D’une part, des gosses qui se marient avec le consentement, pire, la complicité, de certains adultes, et de l’autre, un Premier ministre qui n’a trouvé rien de mieux que de… brader notre nationalité. Elle est bien belle, notre île Maurice de 2018 !

Tandis que chaque Mauricien se bat durement pour garder la tête hors de l’eau, en ces temps de récession économique internationale, où l’emploi est rare, où l’on doit trimer pour gagner suffisamment de sous pour nourrir ses gosses, les habiller décemment, subvenir à leur éducation, entre autres, voilà que Pravind Jugnauth a préconisé, dans son exercice budgétaire du 14 juin, ni plus ni moins que de… vendre notre citoyenneté. Entre autres mesures présentées, parions que celle-là va certainement faire date ! Et pas pour les meilleures raisons, on peut en être certains.

Moyennant donc un million de dollars américains, ceux qui en ont les moyens pourront s’adjuger notre passeport et le droit de venir vivre chez nous. Sans vouloir froisser notre mythique hospitalité qui confère à Maurice son cachet de « Île Paradis », et loin d’être xénophobe, il est clair qu’une telle démarche n’attirera pas que les revenus escomptés ! Ce petit caillou au milieu de l’océan Indien a-t-il donc autant besoin d’argent que son Premier ministre n’a rien trouvé de mieux que de le morceler et le vendre aux milliardaires du jour ?

Ce serait donc ça, sa formule magique ? Il y a tout le revers de la médaille que Pravind Jugnauth pensait pouvoir gommer… Mais heureusement que l’on peut compter sur quelques Mauriciens bien réfléchis qui ont à cœur l’avenir de leurs gosses !
Sur ce plan, Lalit, qui avait été le premier à réagir sur la question, jeudi dernier, a totalement raison.

En taxant Pravind Jugnauth, ce Premier ministre non-élu qui a accédé au poste suprême du pouvoir via une cérémonie de passation de pouvoir entre père et fils, de vouloir hypothéquer notre pays, le parti politique émet des craintes réelles et justifiées : il y a risque de perdre notre terre, dans cette entreprise ! Le mot « colonisation » revêt ici une tout autre importance quand on sait comment les nouveaux milliardaires s’approprient les meilleurs terrains un peu partout dans le monde et en font leurs palais, le plus souvent au détriment de la faune et de la flore locales, sans oublier les droits des résidents. Les médias internationaux en parlent suffisamment souvent.

Assez pour que nous ne tombions pas dans le même panneau et qu’on évite de se retrouver, un beau jour, étranger dans notre propre pays. Et déjà au train où nos plages se réduisent comme une peau de chagrin, au nom d’un certain développement économique, doit-on aussi risquer de perdre le peu qui reste aux citoyens ? Quel héritage ce gouvernement veut-il laisser ? Le souvenir d’une île où il faisait bon vivre et où, un jour, un Premier ministre a tout claqué ?

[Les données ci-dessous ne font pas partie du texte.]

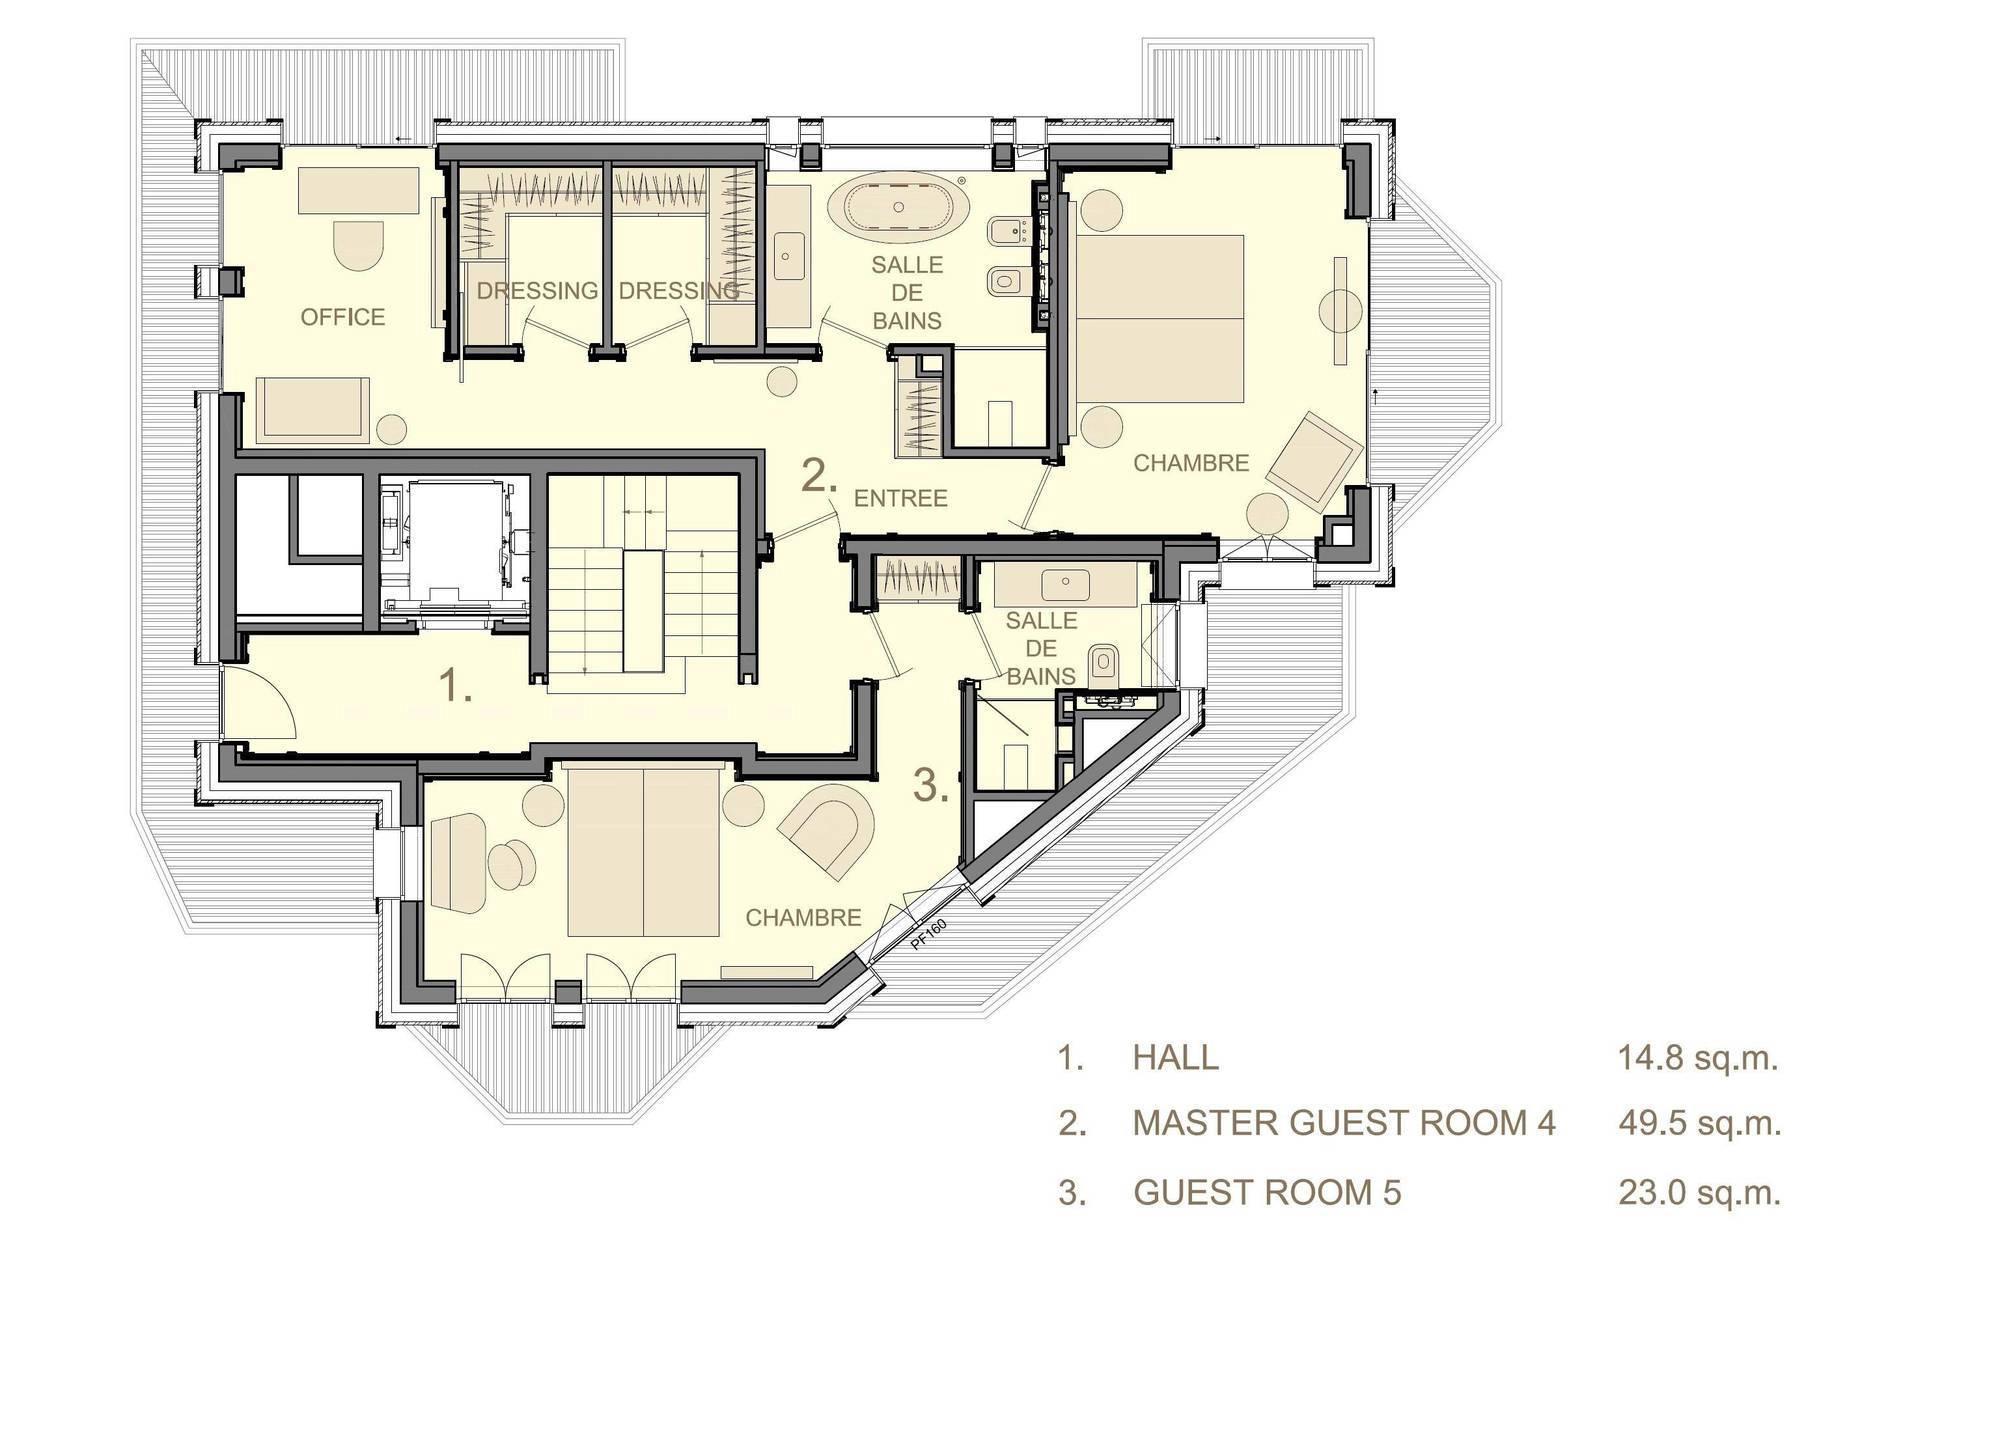 Chalet La Datcha Courchevel Floor Plan 1

L’autre élément qui a réveillé brutalement les Mauriciens concerne cette fillette de 13 ans, enceinte de 4 mois. Plus que choquante, révoltante et qui donne carrément le vertige, cette triste mort est venue nous rappeler une pratique des plus douloureuses, hors du temps. Que l’on a cru inexistante parce que tue sournoisement. Maintenue dans le plus grand secret avec la complicité de quelques adultes plus occupés à être des « bien pensants » que de se préoccuper d’une vie humaine !

Au banc des accusés dans cette affaire, il y a foule. Et cette affaire est également révélatrice d’un mal très profondément ancré dans notre petite société aux influences denses. Quiconque regarde la télé voit au quotidien défiler des campagnes destinées à protéger nos enfants, les éléments les plus vulnérables d’une société, des exploitations diverses : le travail, le sexe, la guerre… Dans diverses parties du monde, des fillettes sont « mariées » alors qu’elles-mêmes ne sont encore que des gosses. Imaginez qu’à 18 ans, ces bouts de femme sont des mères de famille, leurs corps portant des traces indélébiles de différentes grossesses. Est-ce naturel ? Approprié ? Doit-il être accepté ?

Légiférer est très important, car il s’agit d’aider à sécuriser ces gosses. Mais une bonne partie de la réponse concerne aussi la révision de la mentalité. Parce qu’une gosse qui menace de se suicider si ses parents ne lui passent pas ses moindres caprices, dans une société où on a « oublié » d’être sévère et où on se contente de « faire plaisir », cela engendre des coûts souvent inestimables. Aussi, « aimer » ne doit pas rimer avec « toutes les libertés »… Autrement, on perd parfois ceux qu’on pense « aimer ».